Displaying Datasets at External Display Applications / Websites using GEDAs

About Display Applications

There are many services available that allow users to upload their own data for use as viewing as e.g. 'custom tracks' in a genome browser. Examples of these include the UCSC genome browser, GeneTrack and GBrowse. Adding a new external display applications requires two steps:

  1. define the display application (create a new XML definition file) and
  2. instruct Galaxy to load the display application (edit datatypes_conf.xml with the location of the new XML file).

Citation

If you add a new external display application to Galaxy in your published work, please cite: Daniel Blankenberg, John Chilton, and Nate Coraor.

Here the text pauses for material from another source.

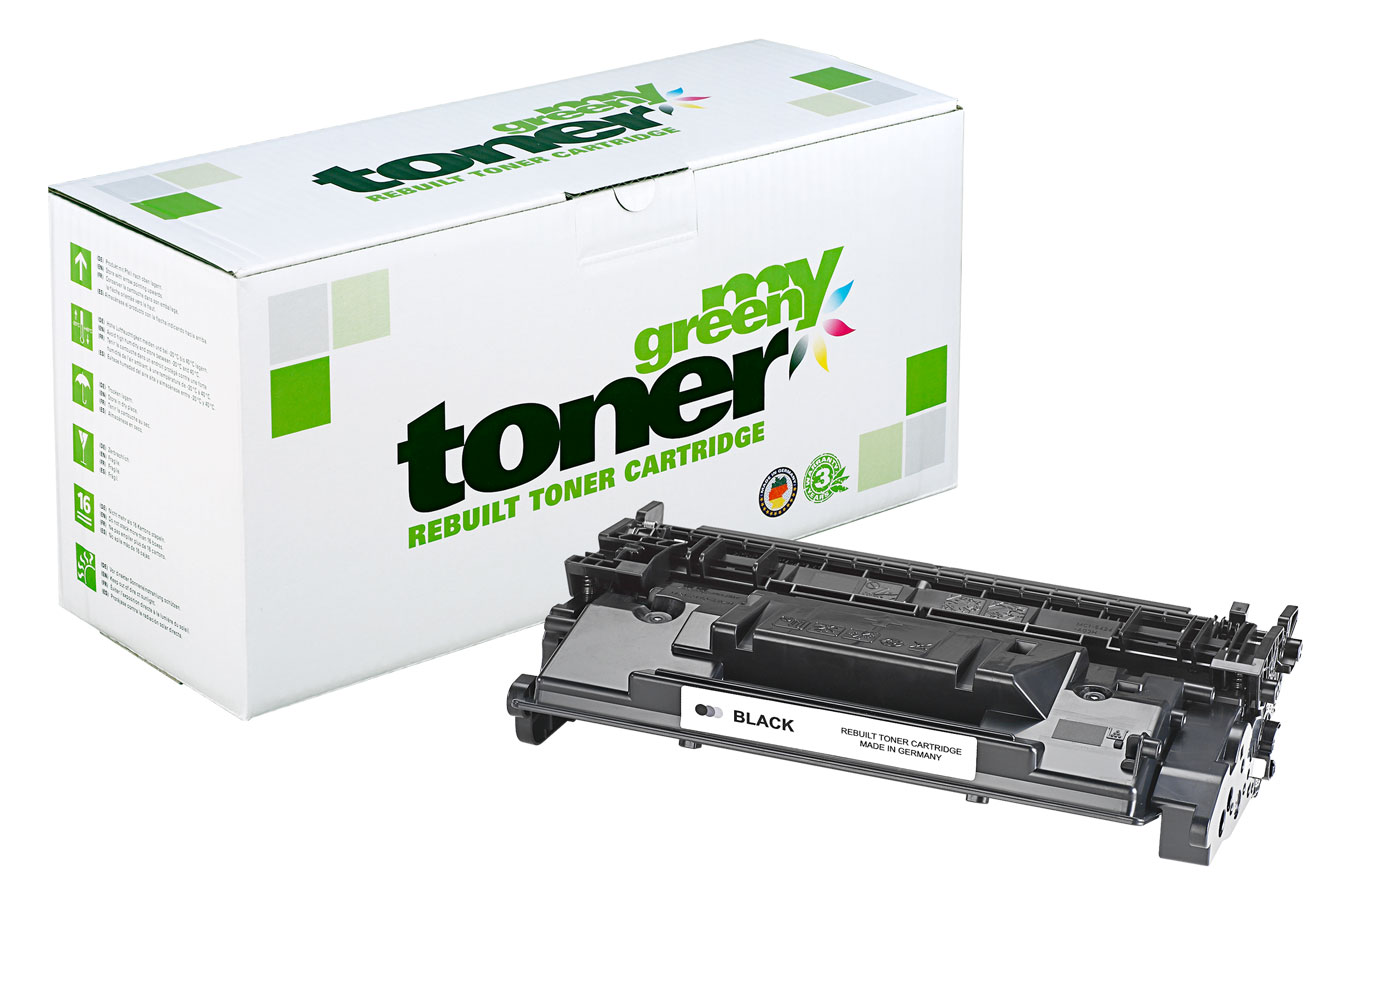 Rebuilt toner cartridge for HP LaserJet Pro M304, MFP 329 a. o.

Galaxy External Display Applications: Closing a dataflow interoperability loop. Nat Methods (2020). doi:10.1038/s41592-019-0727-x


Additional Resources


Topics

  1. Basic Topics - Simple Display Applications
  2. Advanced Topics - Dynamic Display Applications

Basic Topics

Simple Display Applications

Display applications are defined using XML.

Example 1

Lets suppose we want to write a display application which displays a BAM file at the UCSC genome browser. After familiarizing ourselves with the UCSC genome browser, we become aware of several pieces of information which are needed to display user data:

  • The data to be displayed is provided by giving a public URL to the UCSC genome browser.
  • 3 data files are needed to be provided by URL: 1) a custom track definition, 2) the BAM file and 3) the BAM index. With the following requirement: the index must have the same name as the BAM file, but have the additional suffix of '.bai'
  • The url to send data to UCSC is of the form: http://genome.ucsc.edu/cgi-bin/hgTracks?db=UCSC_GENOME_BUILD&hgt.customText=URL_OF_CUSTOM_TRACK

This display application will require 3 parameters, corresponding to the 3 data files that are needed.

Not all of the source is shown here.